Now comes my 4th attempt, which thus far is surprisingly successful. To make my life harder I decided to utilize my spare MacBook (late 2009) with its pesky integrated nVidia and Broadcom wireless. First thing I noticed was that beginning with an Arch Linux liveCD is possibly the easiest way to install Gentoo, believe it or not. 1 tty for messing with partitions and chroot, and 1 tty with links/elinks/lynx displaying the Handbook. Since I installed Gentoo 3 times already, preparing the hard drives and entering the chroot environment was easy enough. Though not designed for Gentoo, Arch has an “arch-chroot” script, which does all of the extra /dev mounting steps and chroot for the user. Furthermore, I never used genkernel extensively so I decided to let it choose some “sane defaults” for me and do its compilation magic. That also gives a reasonable .config to work with later on. The full installation took me 3 mornings and 3 evenings, because of $dayjob. It went quite smoothly and on my 4th morning I was ready to boot into my freshly built environment.

While the installation and initial setup are considered tedious, many steps can be automated with well-designed Shell scripts (see: arch-chroot). Gentoo developers are generally against excessive automation, though for personal use I think it’s perfectly reasonable. When a full installation is complete, cloning it is as simple as preparing a tarball of the whole filesystem or utilizing the power of the “cp” copy command. As usual, I had problems with the Broadcom bcm4322 wireless adapter. Apparently, the default kernel didn’t recognize the chip properly and I had to go through the kernel .config anyway. I guess compiling one’s own kernel is crucial after all. Thankfully, after disabling all of the unnecessary features my system would boot and run twice as fast. Also, the Broadcom adapter was recognized by the b43 driver and works since.

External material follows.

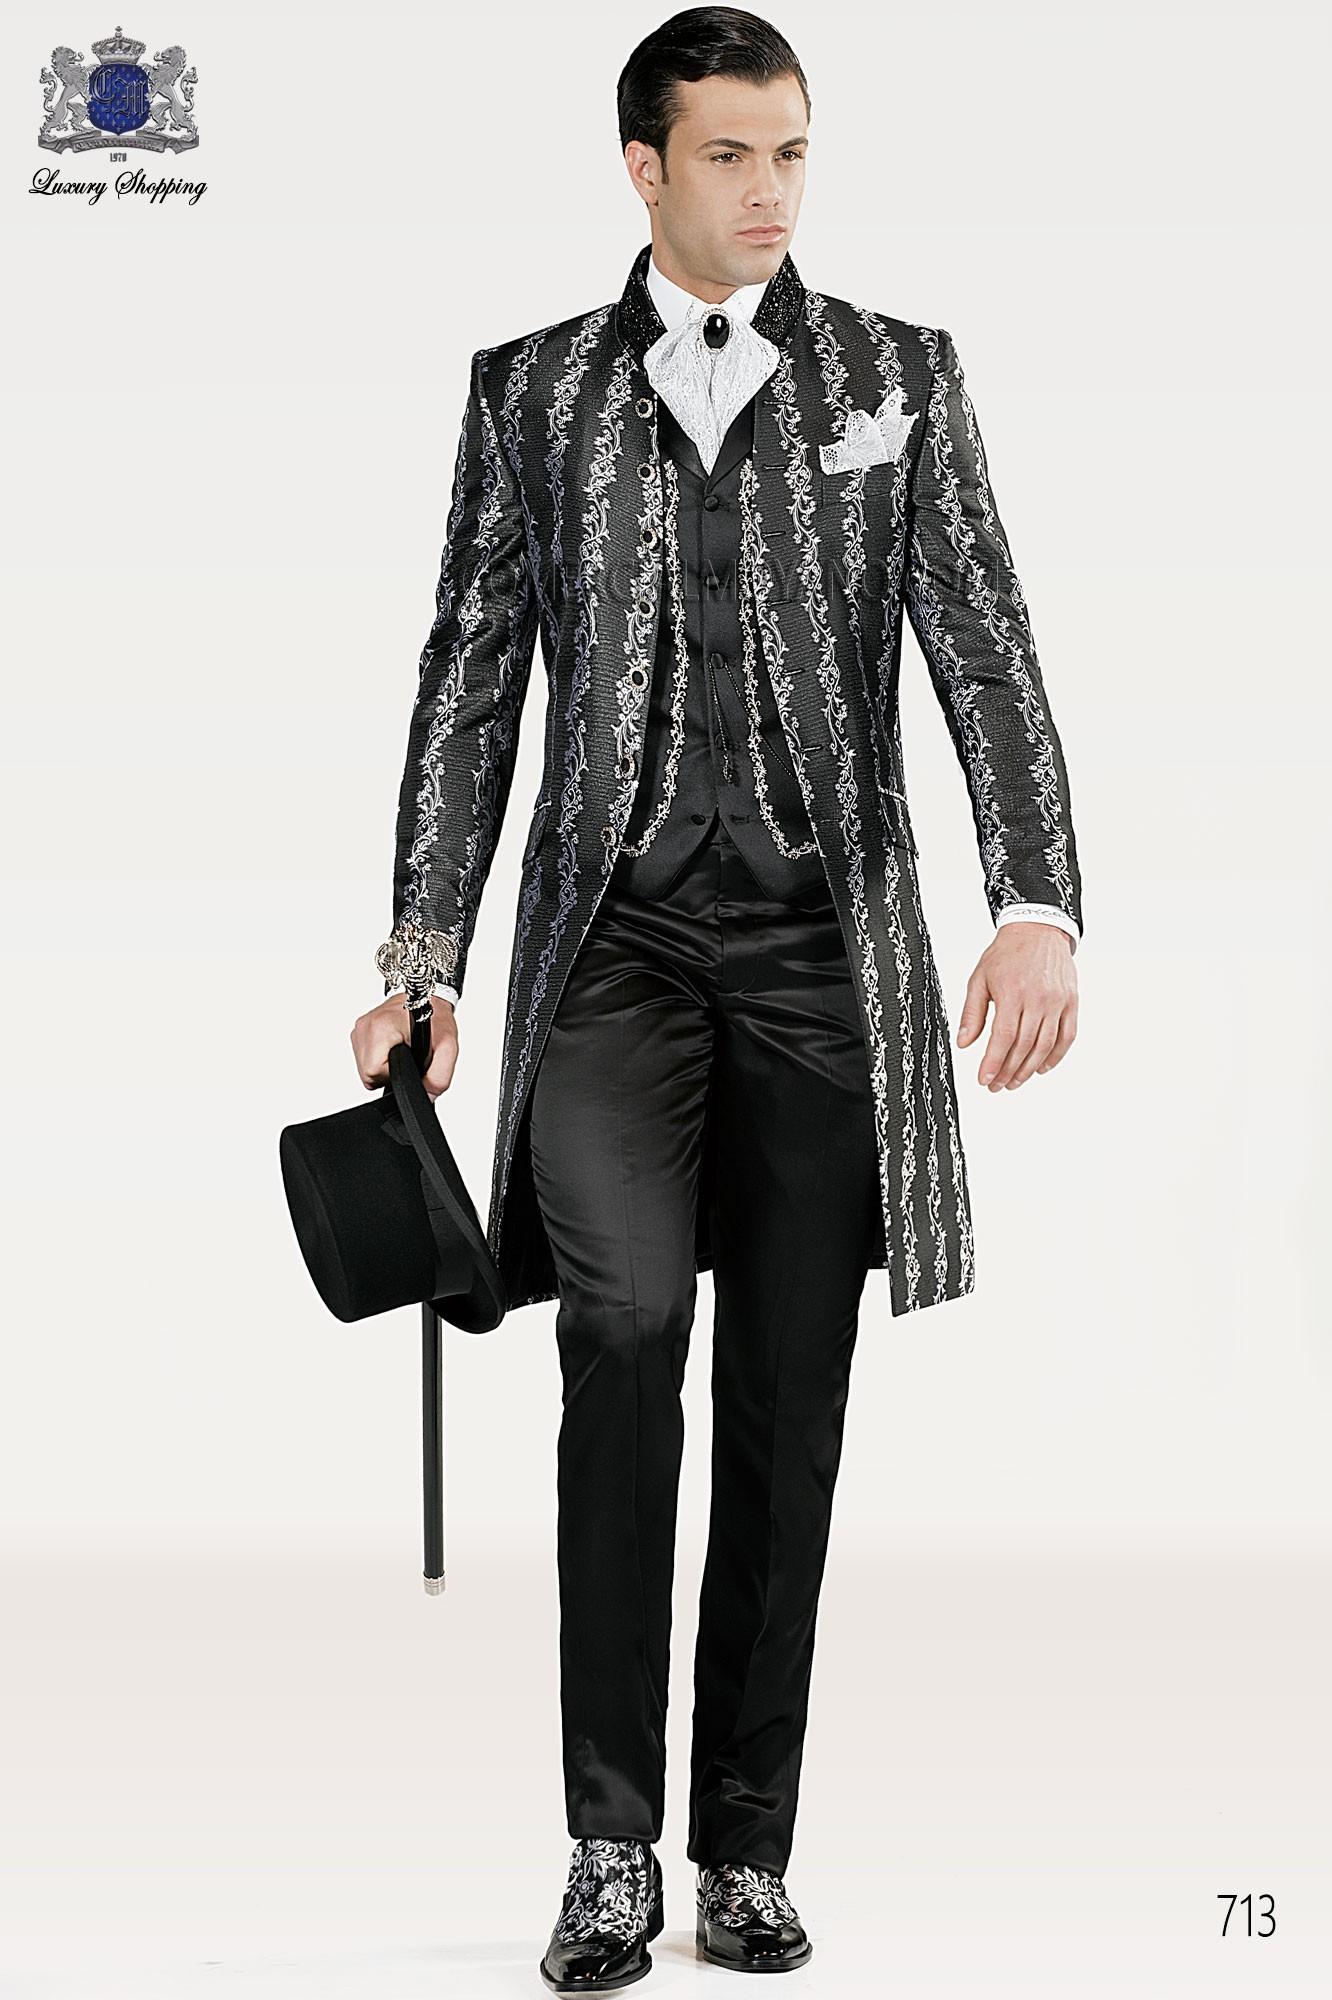 Traje de novio barroco plata-negro modelo: 713 Ottavio Nuccio Gala colección Barroco

One of the key features of Gentoo are the local and global USE flags. They allow the user to precisely select which components should a particular piece of software have. Firstly, this allows for supreme optimization when targeting embedded systems. Secondly, on servers every overlooked or unmaintained software feature is a potential point of entry for attackers. Thirdly, most GNU/Linux distributions ship software with only the “sane defaults” enabled and we users cannot easily inspect what those defaults are. This is a major problem of the GNU/Linux ecosystem, making comparisons between distributions absolutely impossible. Bearing all of those points in mind I am actually amazed major distributions like Ubuntu or Fedora don’t use Portage for building applications. Don’t want proprietary code in your software – block all related USE flags. Want different system branches (desktop flavors, server, etc.) – generate USE flag profiles. Heck, it’s really that simple!

Despite the obvious advantages, throughout my toils I learned that Gentoo is not for the faint of heart, nor for casual computer users, who just want to browse the Web and enjoy their lives. Also, a decent machine (say, core i*, 4+GB RAM) is a must, otherwise compile times get really annoying. For now I can bear with the drawbacks, since the flexibility of Gentoo is truly worth it.